Istilah AI yang Wajib Kamu Tahu: dari AGI sampai NLP
AI sedang menulis ulang banyak hal yang kita kenal — sekaligus menciptakan bahasa baru untuk menjelaskannya. Duduk di rapat produk, pitch, atau panel, kamu bakal mendengar orang menyebut LLM, RAG, RLHF, dan — baru-baru ini — istilah seperti “opaque recurrence”, teknik reasoning di model terbaru yang bikin peneliti keamanan AI waspada.
Vokabular ini berjalan sangat cepat sampai-sampai orang yang sangat paham teknologi pun ikut merasa tertinggal. TechCrunch merilis glosarium untuk membantu siapa saja tetap mengikuti perkembangan.
Berikut istilah yang paling umum ditemui dan artinya dalam bahasa sehari-hari.
AGI (Artificial General Intelligence)
Istilah yang masih cair, tapi secara umum merujuk pada AI yang lebih mampu dari manusia rata-rata di banyak — atau sebagian besar — tugas. OpenAI mendefinisikannya sebagai sistem yang mengungguli manusia dalam sebagian besar pekerjaan bernilai ekonomi. Google DeepMind sedikit berbeda: AI yang setidaknya setara manusia di sebagian besar tugas kognitif. Para ahli sendiri masih debat soal definisi persisnya.
AI Agent
Alat yang memakai teknologi AI untuk menjalankan serangkaian tugas atas namamu — melampaui chatbot sederhana. Contohnya mengurus reimbursement, memesan tiket atau meja restoran, bahkan menulis dan memelihara kode. Konsep dasarnya: sistem otonom yang bisa memakai beberapa sistem AI untuk menyelesaikan tugas multi-langkah.
API Endpoint
Semacam “tombol” di bagian belakang software yang bisa ditekan program lain untuk menjalankan sesuatu. Developer memakai ini untuk membangun integrasi. Seiring AI agent makin canggih, mereka makin bisa menemukan dan menggunakan endpoint ini sendiri — membuka kemampuan besar, tapi juga risiko yang perlu diwaspadai.

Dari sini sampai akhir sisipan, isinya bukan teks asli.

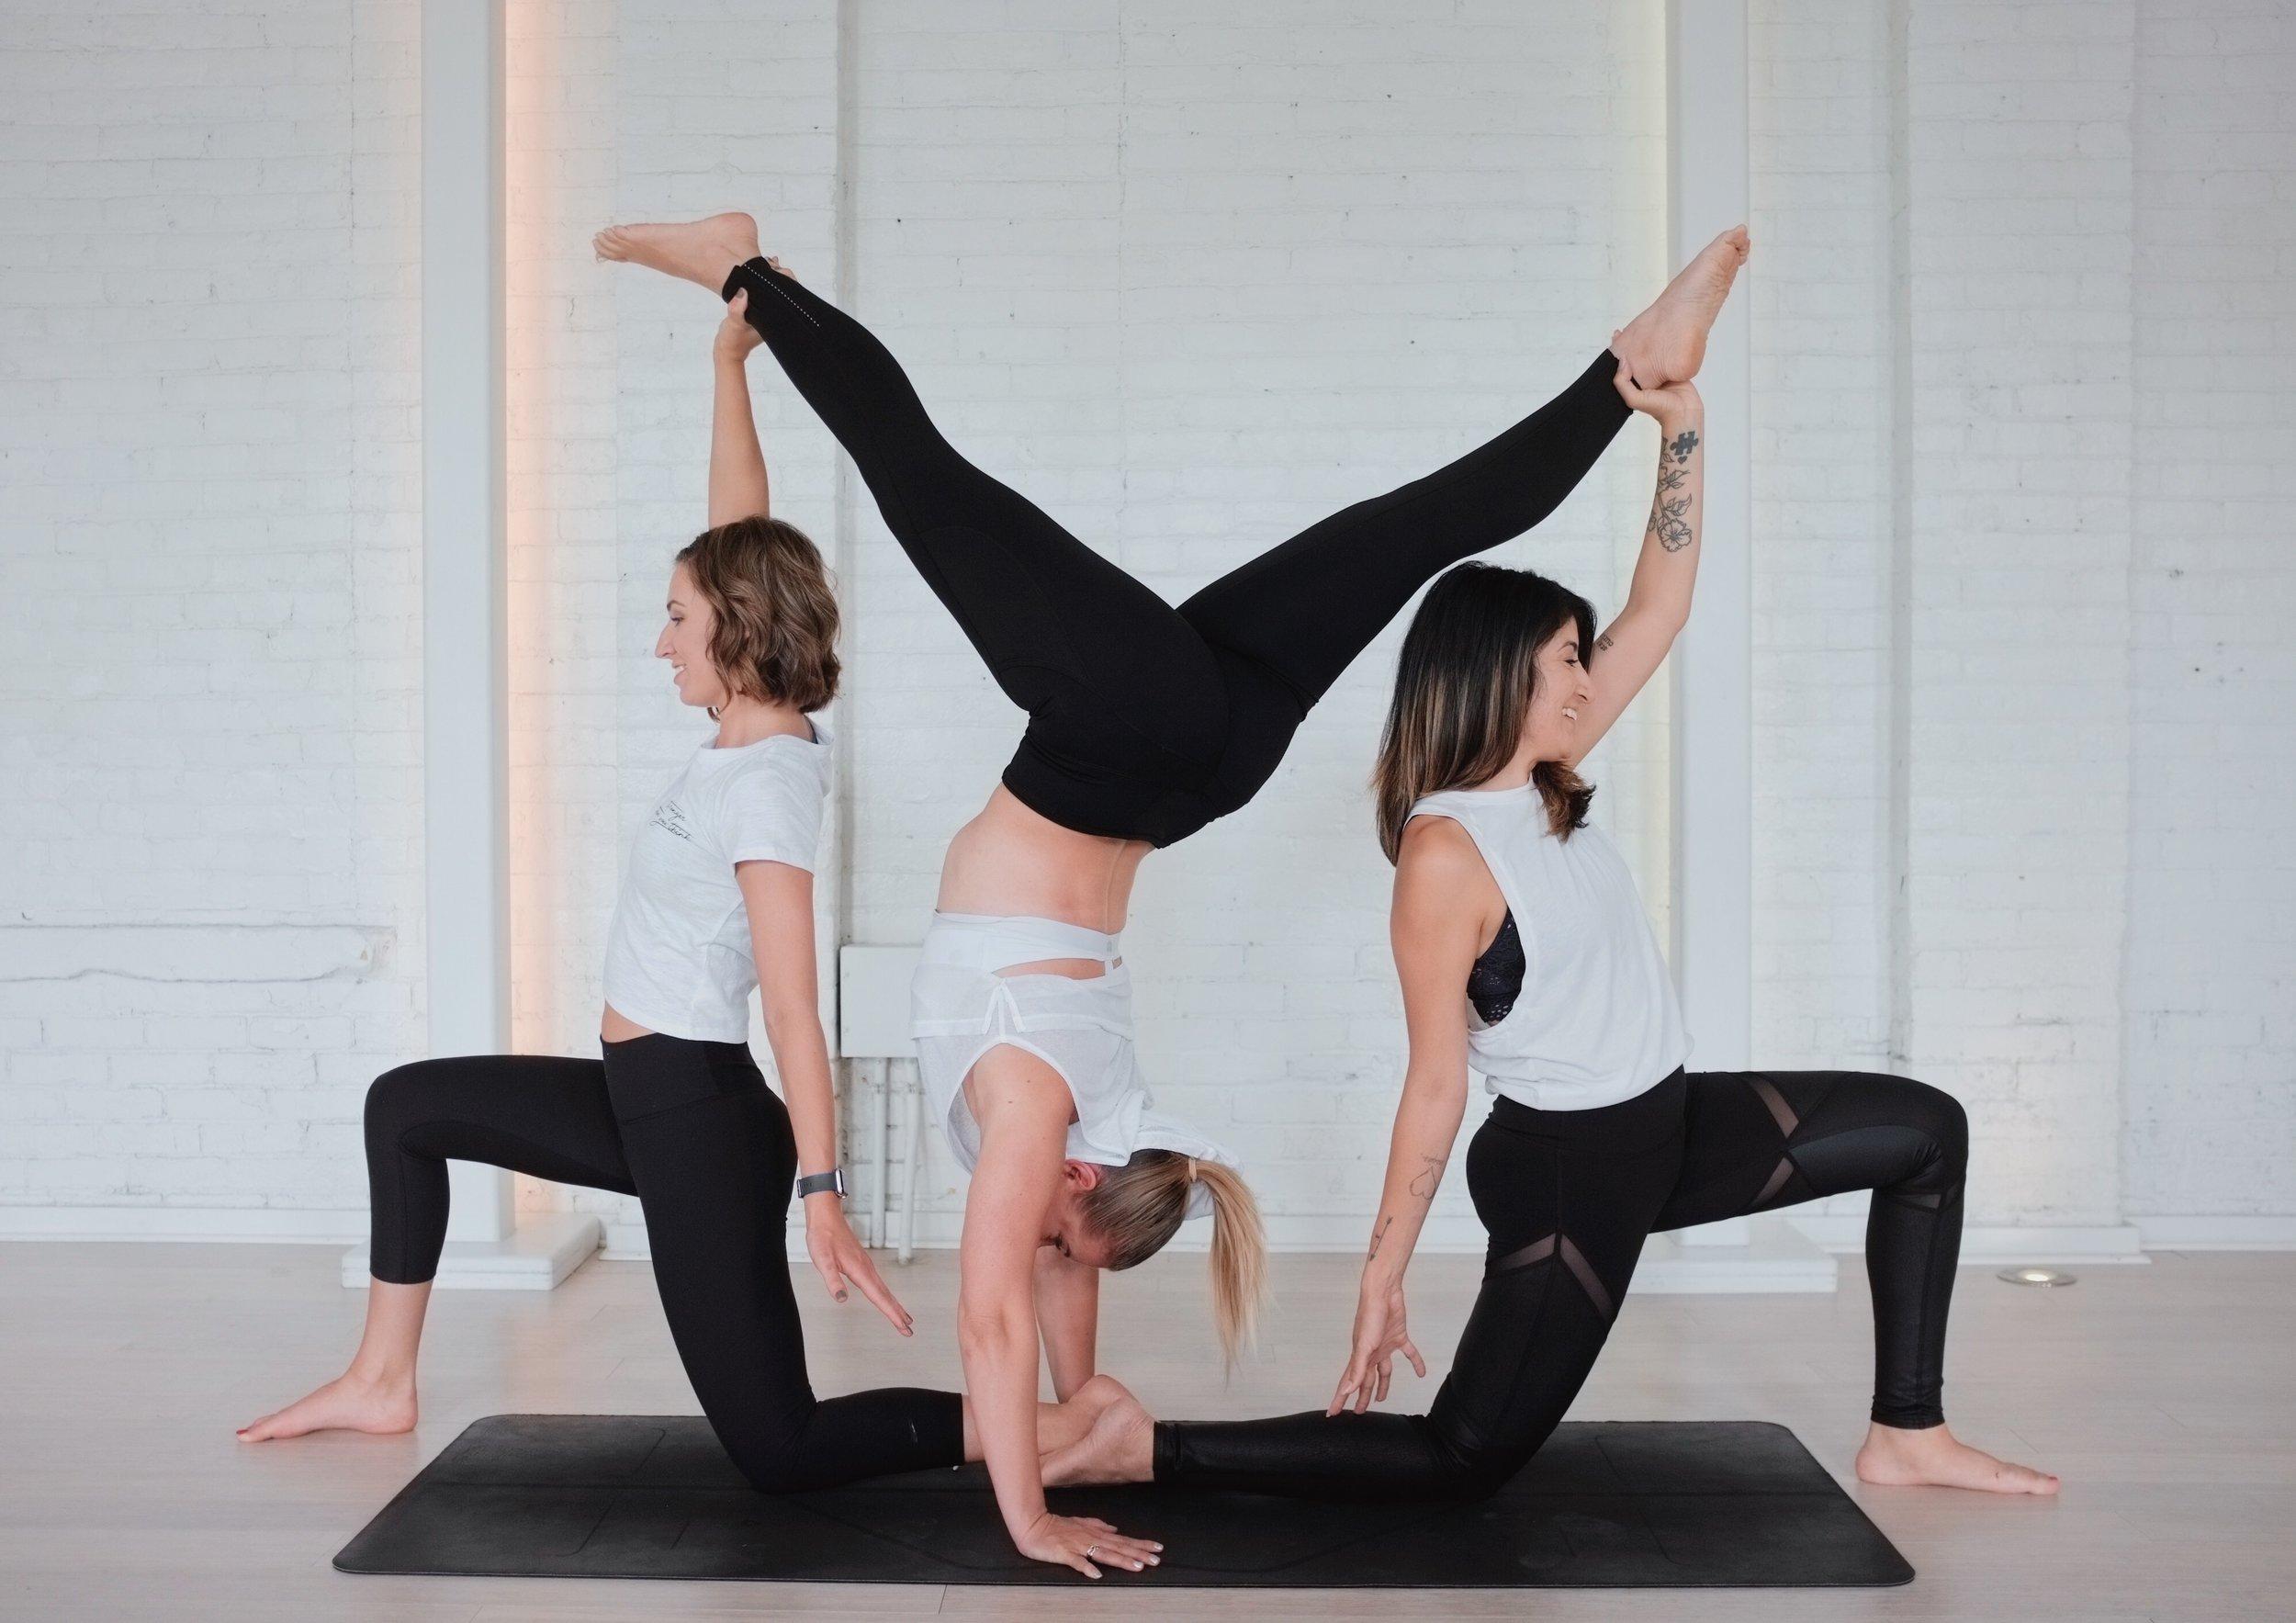 Yoga women's inspiration in Pittsburgh, Pennsylvania.

Istilah Lain yang Tak Kalah Penting
- RAG (Retrieval-Augmented Generation) — teknik yang menggabungkan pencarian data dengan kemampuan generasi AI, supaya jawaban lebih akurat dan sesuai konteks.
- RLHF (Reinforcement Learning from Human Feedback) — melatih AI dengan umpan balik manusia agar perilakunya lebih sesuai harapan.
- Hallucination — kondisi saat AI menghasilkan informasi yang salah atau dibuat-buat. Ini salah satu risiko terbesar yang harus dipahami pengguna.
- Opaque recurrence — teknik reasoning di model terbaru (misalnya di OpenAI Astra) yang bikin peneliti keamanan khawatir karena prosesnya sulit diaudit.
- LLM (Large Language Model) — model AI besar yang dilatih pada teks dalam jumlah raksasa, menjadi dasar banyak produk AI chatbot.
Kenapa Penting untuk Bisnis
Literasi AI sekarang makin jadi skill bisnis dasar, bukan cuma buat engineer. Memahami istilah-istilah ini membantu kamu:
- Mengevaluasi produk AI — tahu perbedaan antara sistem yang cuma menampilkan jawaban dan yang benar-benar bisa diandalkan.
- Membaca laporan analis atau riset pasar tanpa tersesat di jargon.
- Menjaga percakapan dengan tim teknologi tetap nyambung dan produktif.
Ada juga sisi kehati-hatian. Dengan memahami konsep seperti hallucination dan opaque recurrence, kamu jadi lebih kritis saat memakai tools AI di pekerjaan — misalnya, tidak langsung percaya output penting tanpa verifikasi.
POV Indonesia
Buat pekerja dan pelaku usaha lokal, ini relevan banget. Meningkatnya penggunaan AI di kantor, dari menulis email sampai menganalisis data, menuntut kita paham bahasa dasarnya supaya bisa memanfaatkan tools yang ada secara tepat dan aman.
Glosarium TechCrunch disebut sebagai “living document” — terus diperbarui seiring lapangan berevolusi, persis seperti sistem AI yang ia deskripsikan. Jadi jangan khawatir ketinggalan; yang penting mulai paham istilah intinya.